Perhaps Niland senses this too: Saint Peter, his Sydney restaurant, is associated, by name at any rate, with the spiritual realm. Is this because, like St Peter, Niland is a fisher of men, casting every net and deploying every wile in his repertoire to get them hooked on seafood, which he feels is both under-appreciated and underused? Perhaps it’s because he scrutinizes his fish as St Peter scrutinizes souls — not one jot nor one tittle is overlooked: all but the gallbladder and the heart are accounted unto righteousness. Or is it that Niland is counting on St Peter to bring him a miraculous catch: nets breaking with the weight of fish, restaurant packed, lines snaking around the block, celebrities like Jamie Oliver and Nigella Lawson falling over themselves to praise his work, chefs around the world begging him to come and give masterclasses? If so, the good saint has delivered stupendously.

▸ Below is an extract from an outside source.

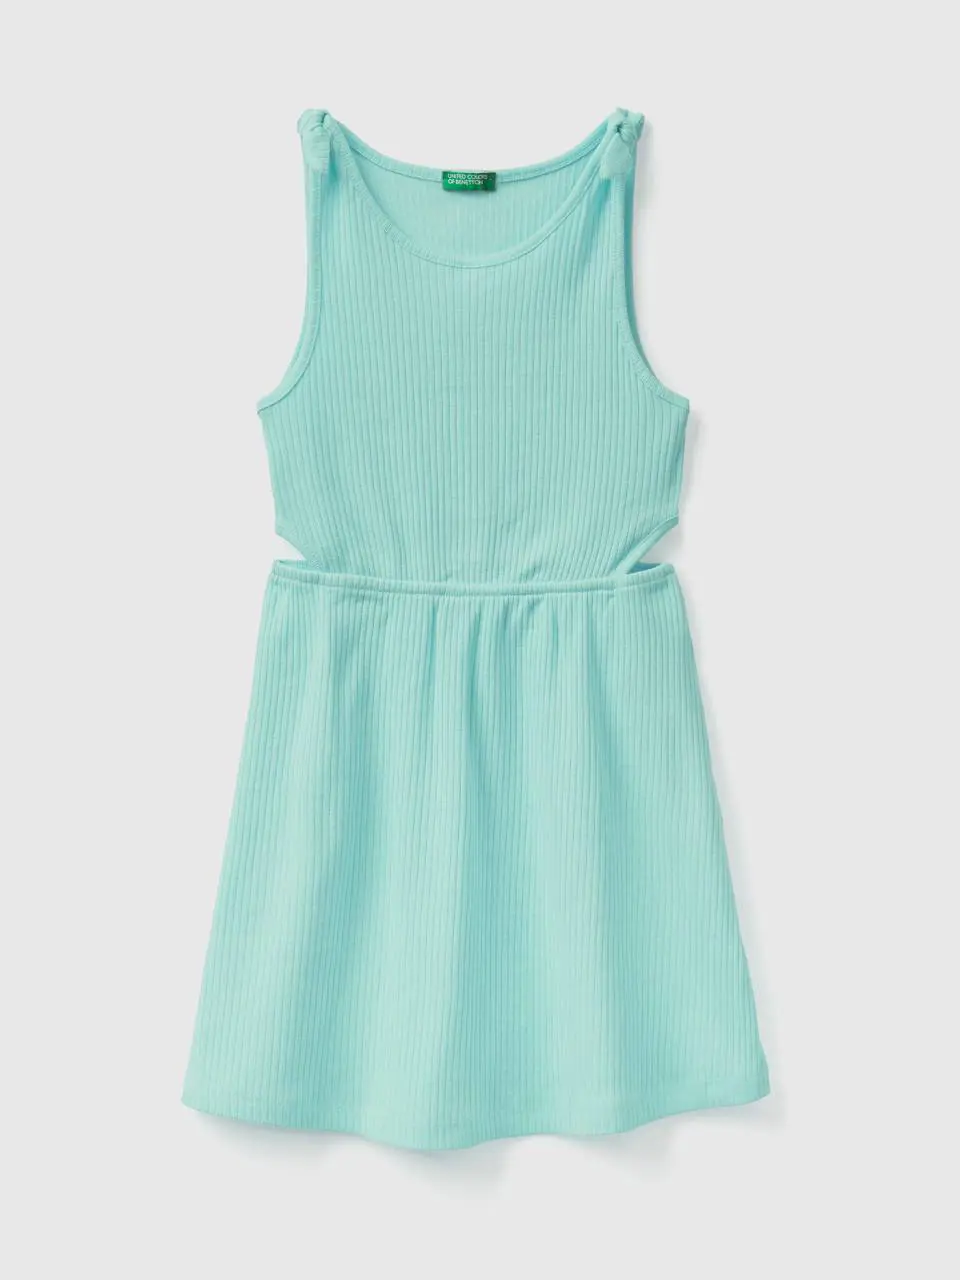 Benetton ribbed dress with shoulder straps. 1

Niland’s next restaurant, in my unsolicited opinion, ought to be founded upon the American continent and named Call Me Ishmael, after the not unspiritual opener to the greatest fish-related novel of all time (sorry, Hemingway fans). I freely give him this brilliant idea, with only two stipulations. First, I’d like to come and taste the whole-fish twist on our North American sea creatures. And second, could Mr Niland, aided by St Peter, the Surgeon General and the National Emergencies Act, take the word ‘seacuterie’ and with book, bell and candle ban it from the lexicon forevermore?